Helen Ilumets et al. Int J Chron Obstruct Pulmon Dis. 2007.

Abstract

COPD is underdiagnosed and its early assessment is problematic. It has been suggested that symptomatic smokers with normal FEV1/FVC (Stage 0 COPD, GOLD criteria) can develop COPD in the future. Potential early biomarkers in COPD include the matrix metalloproteinases (MMPs). It is not yet known, whether alterations in MMP expression are associated with smoking alone or with the risk of developing COPD. In this cross-sectional study MMP-8, MMP-9 and MMP-12 were determined from induced sputum and plasma by ELISA, immunocytochemistry, zymography, and/or Western blot in non-smokers (n=32), smokers with symptoms (Stage 0, GOLD criteria) (n=23) or without symptoms (n=23). Only MMP-8 differentiated Stage 0 COPD from non-symptomatic smokers (p = 0.02). MMP-9 levels were significantly elevated in the induced sputum of non-symptomatic smokers and Stage 0 COPD (p = 0.01, p < 0.001) compared to non-smokers, but did not differ between the two subgroups of smokers.

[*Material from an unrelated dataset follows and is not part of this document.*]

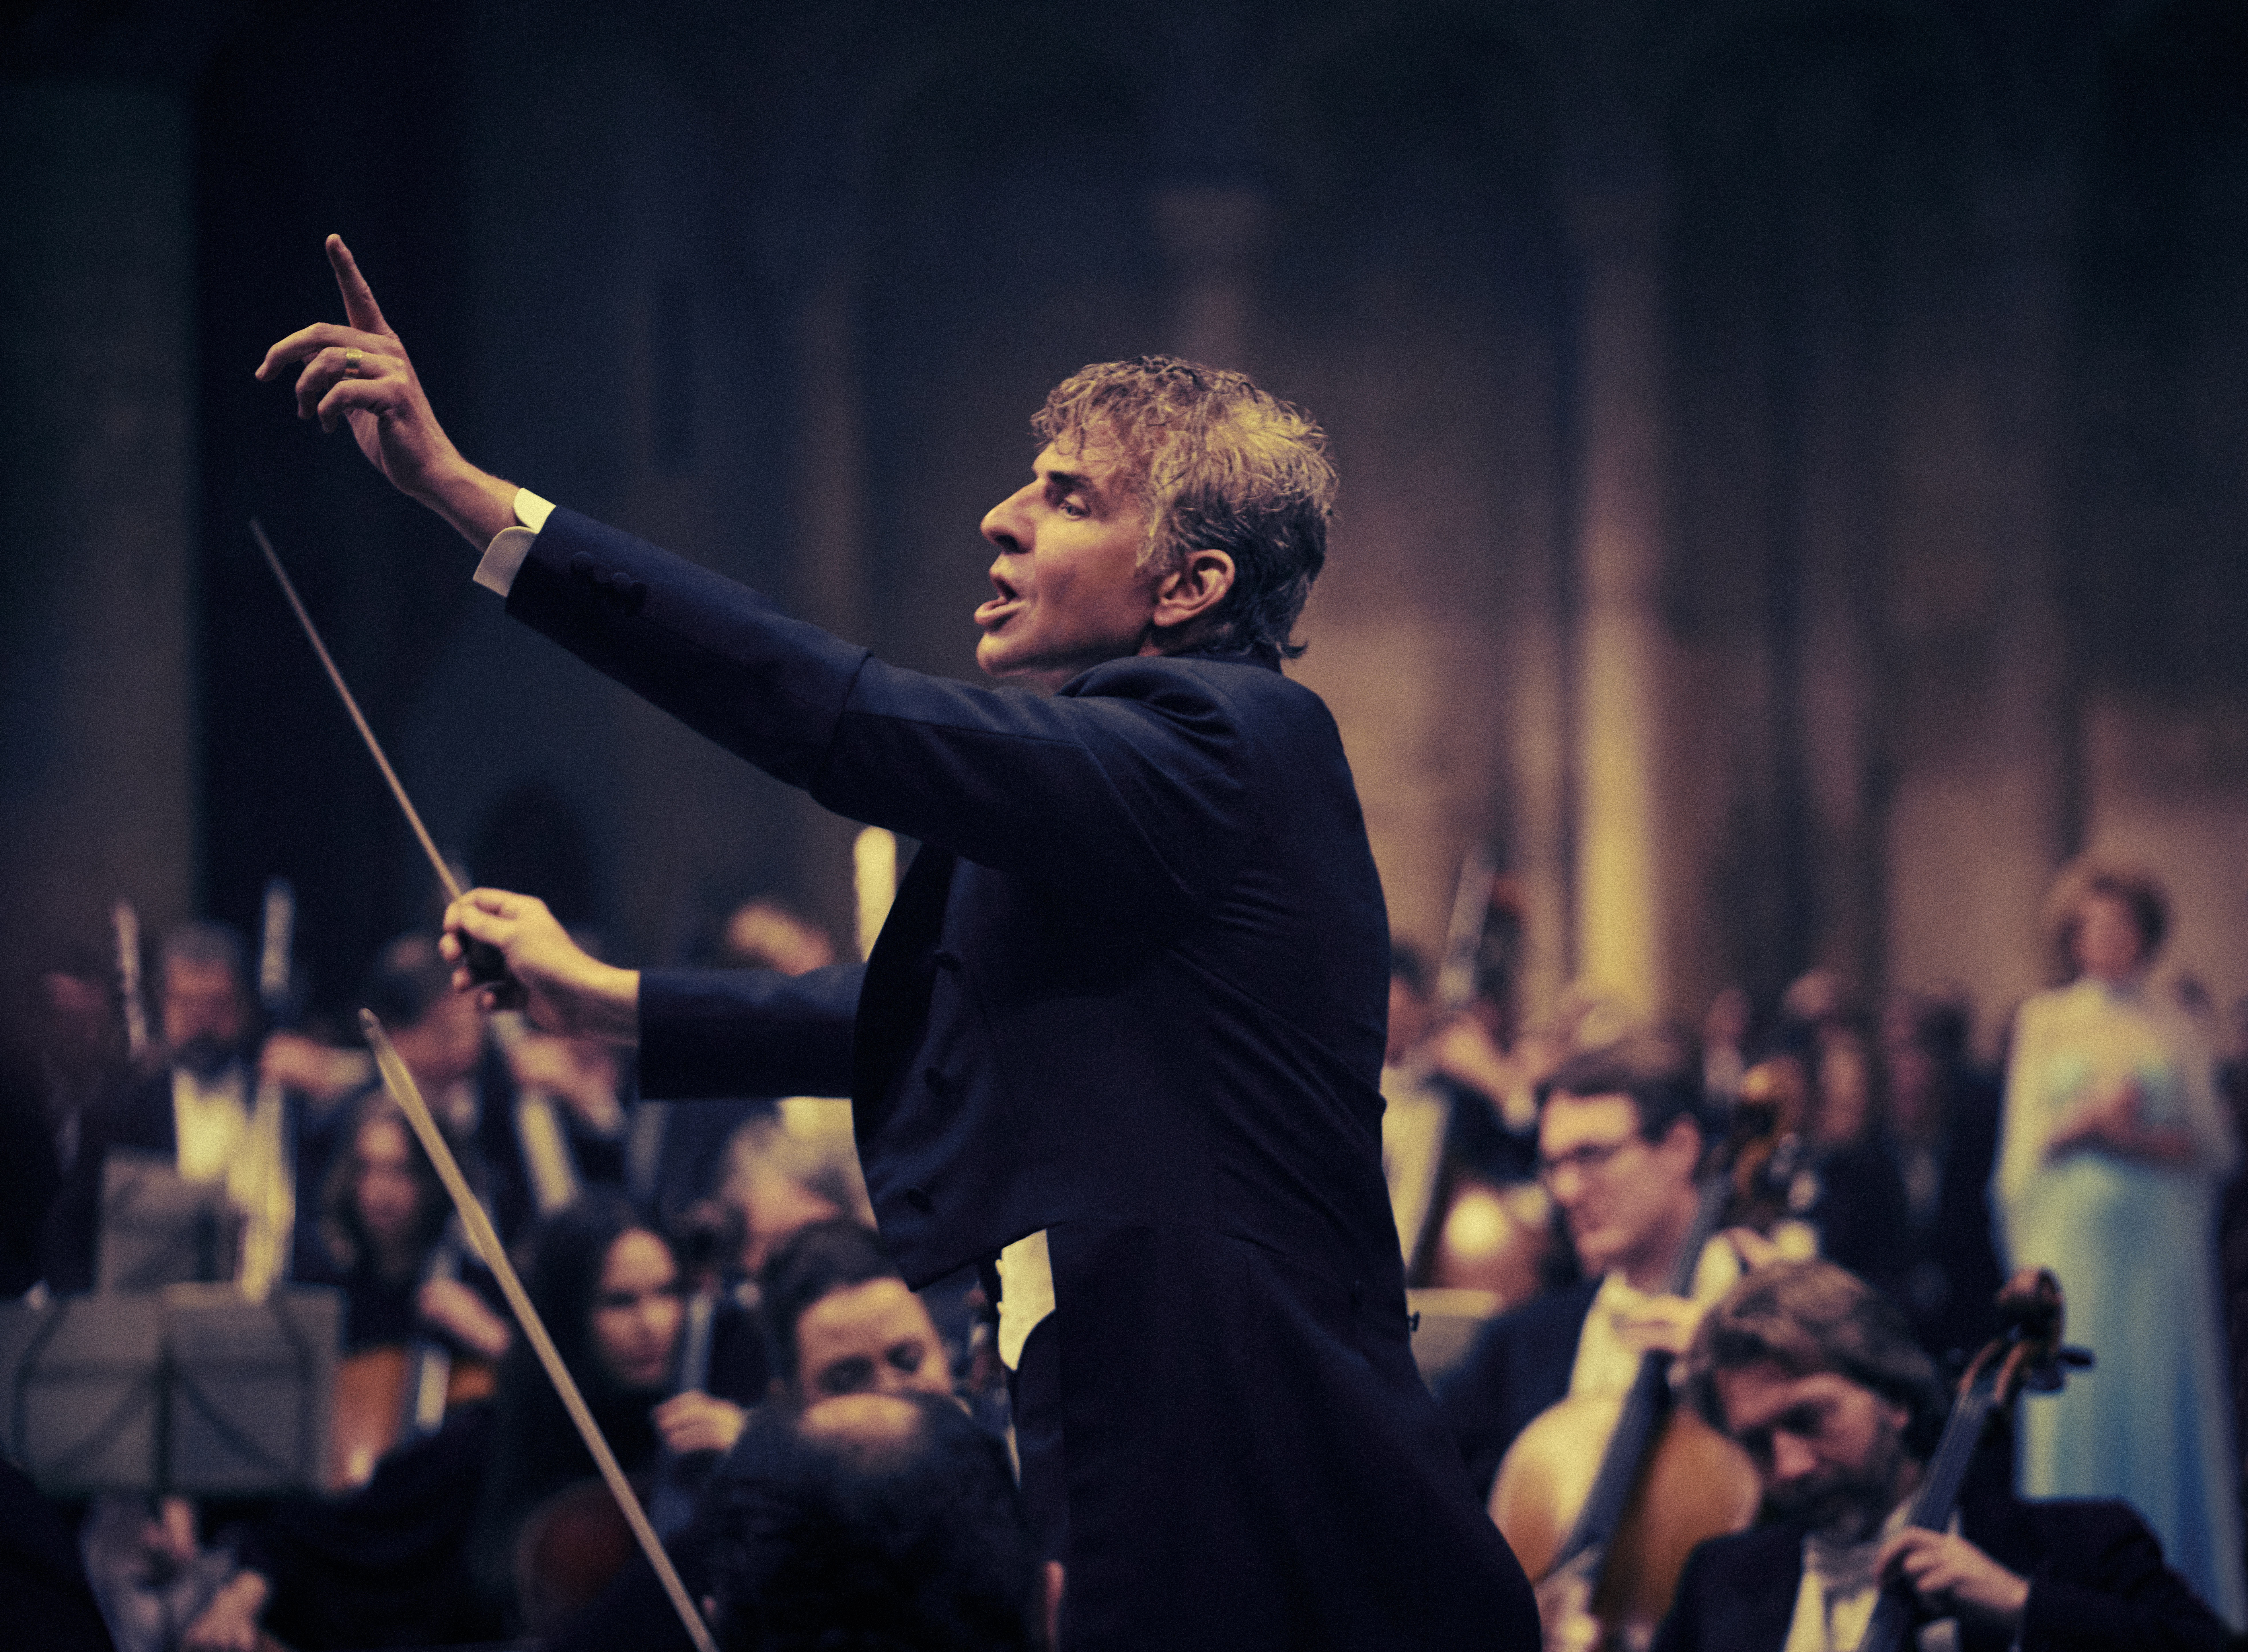 Bradley Cooper passionately conducting as Leonard Bernstein in Netflix’s Maestro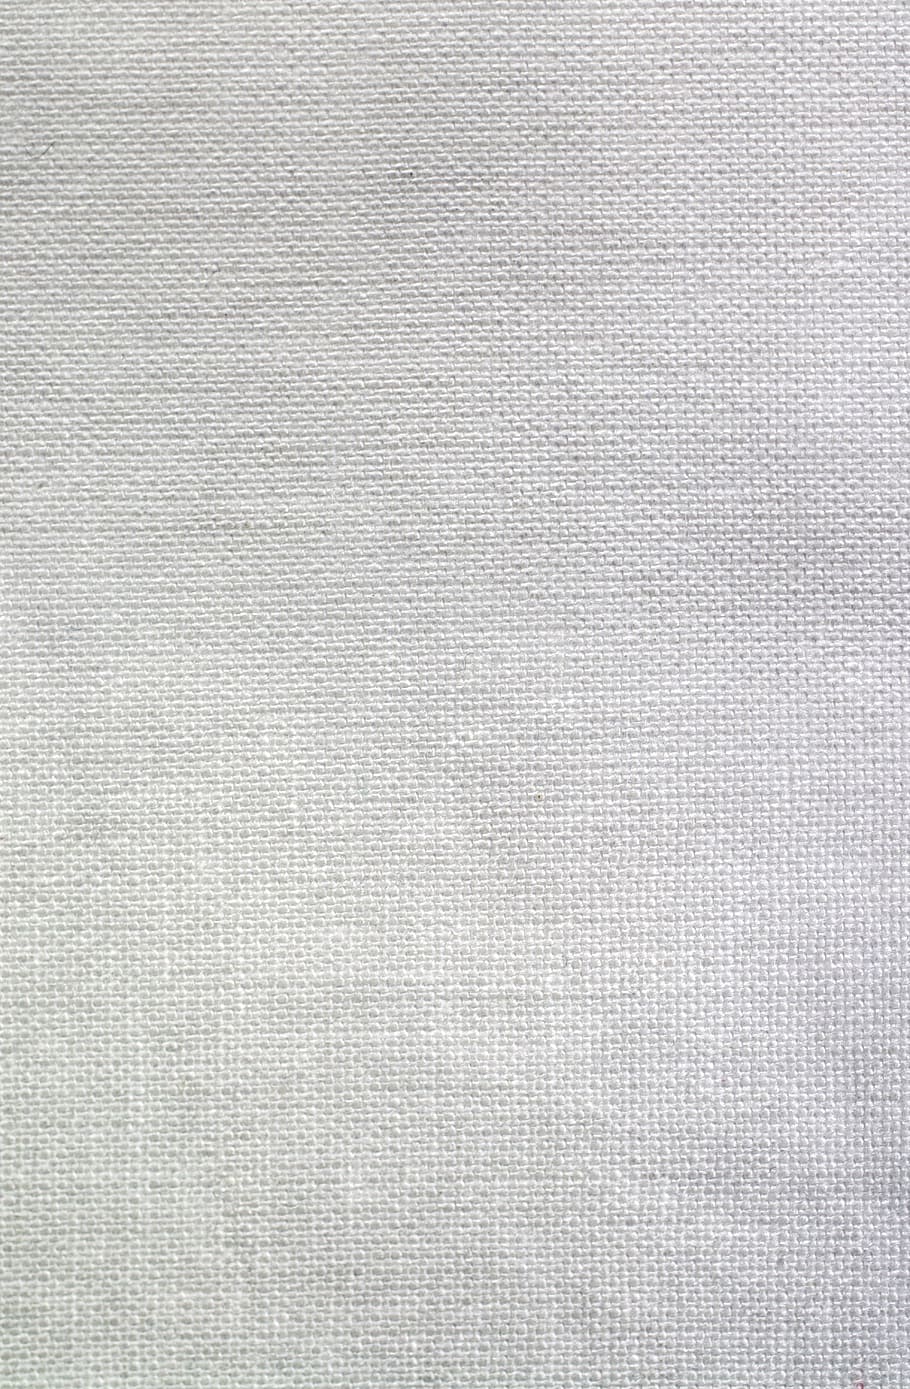 textil gris, lienzo, tela, textura, material, algodón, textil, superficie, blanco, estructura

MMP-12 was higher only at Stage 0 compared to non-smokers (p = 0.04). MMP-8, MMP-9 and MMP-12 immunoreactivity was localized in macrophages and neutrophils, especially in smokers. MMP-8 levels correlated significantly with the small airway flow parameters (MEF50, MEF25) (p = 0.005 and p = 0.0004) and markers of neutrophil activation (myeloperoxidase, lactoferrin). In conclusion MMP-8 may differentiate Stage 0 from healthy smokers.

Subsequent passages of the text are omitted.